At the species level, fluorescence indices revealed distinctive behavioral patterns in response to drought. In more detail, C. betulus exhibited higher NPQ values accompanied by lower Y(II), whereas Q. robur exhibited the opposite pattern, with low NPQ and high Y(II). This pattern reflects a trade-off between photoprotection and productivity. C. betulus exhibited greater energy dissipation to prevent photodamage compared to Q. robur. On the other hand, Q. robur exhibited better maintenance of A than C. betulus under drought stress. The higher Y(II) observed in Q. robur throughout the monitored period may result from its anisohydric behavior, with less tight stomatal control, allowing higher A [31,32,100], as well as from leaf structural traits, as thinner leaves with less dense mesophyll support higher CO2 availability and light use efficiency [101,102]. On the other hand, the enhanced NPQ, as observed in C. betulus, is in line with the conservative strategy, enhancing protective mechanisms by allocating energy toward stress tolerance and supporting survival over growth.
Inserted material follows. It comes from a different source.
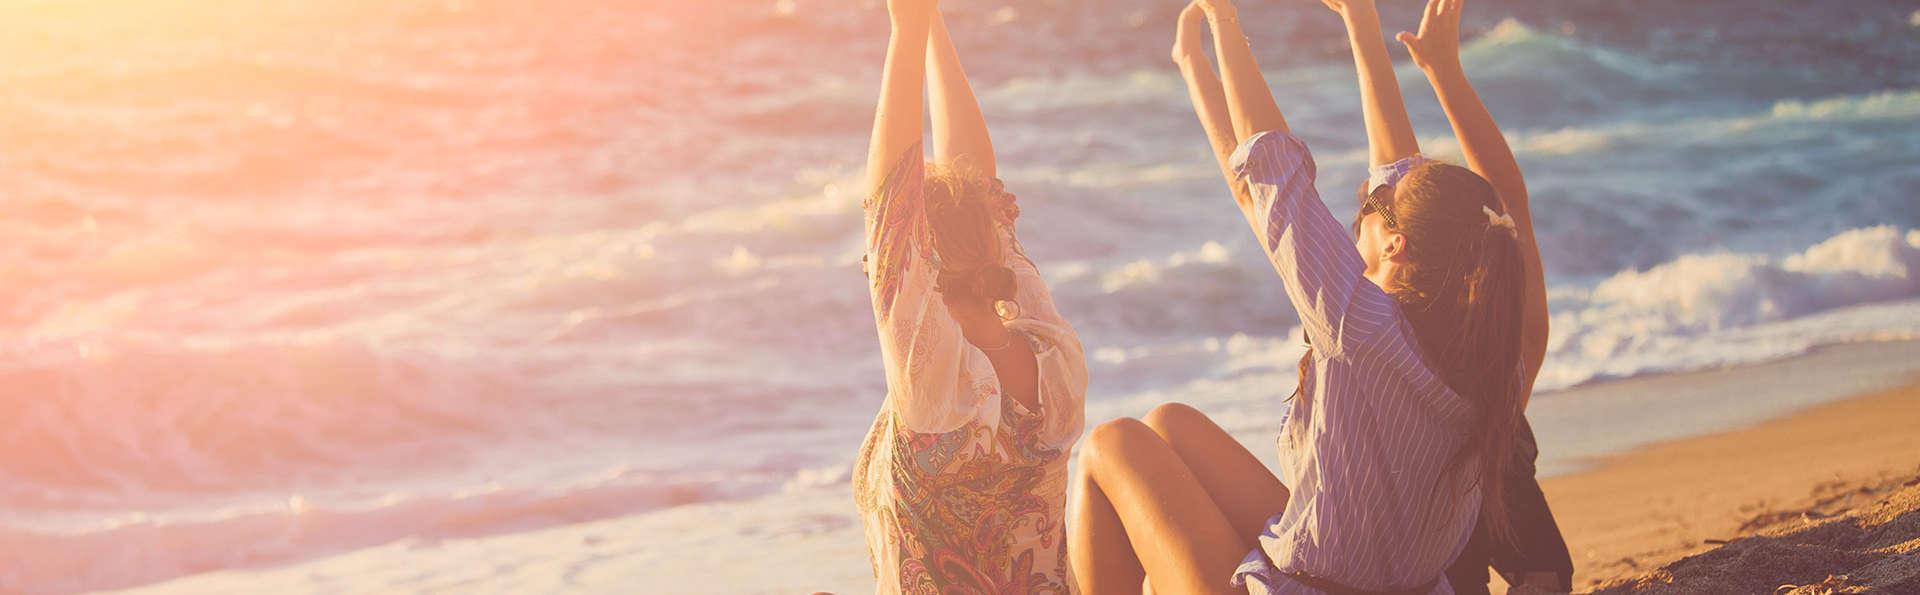 Hotel Balneario Playa de Comarruga - EDIT_FRIENDS_20.jpg

Overall, our results indicate that Q. robur is highly susceptible to drought in an urban environment, while C. betulus demonstrated notable drought tolerance and resilience. In line with our findings, Q. robur was identified as vulnerable to drought stress in an urban area due to reduced efficiency in safely dissipating light energy and leaf structural traits [103]. In contrast, C. betulus was highlighted as a drought-resistant species, relying on the stress-tolerant strategy, characterized by slower growth, and was proposed for planting at the edges of habitat corridors [103].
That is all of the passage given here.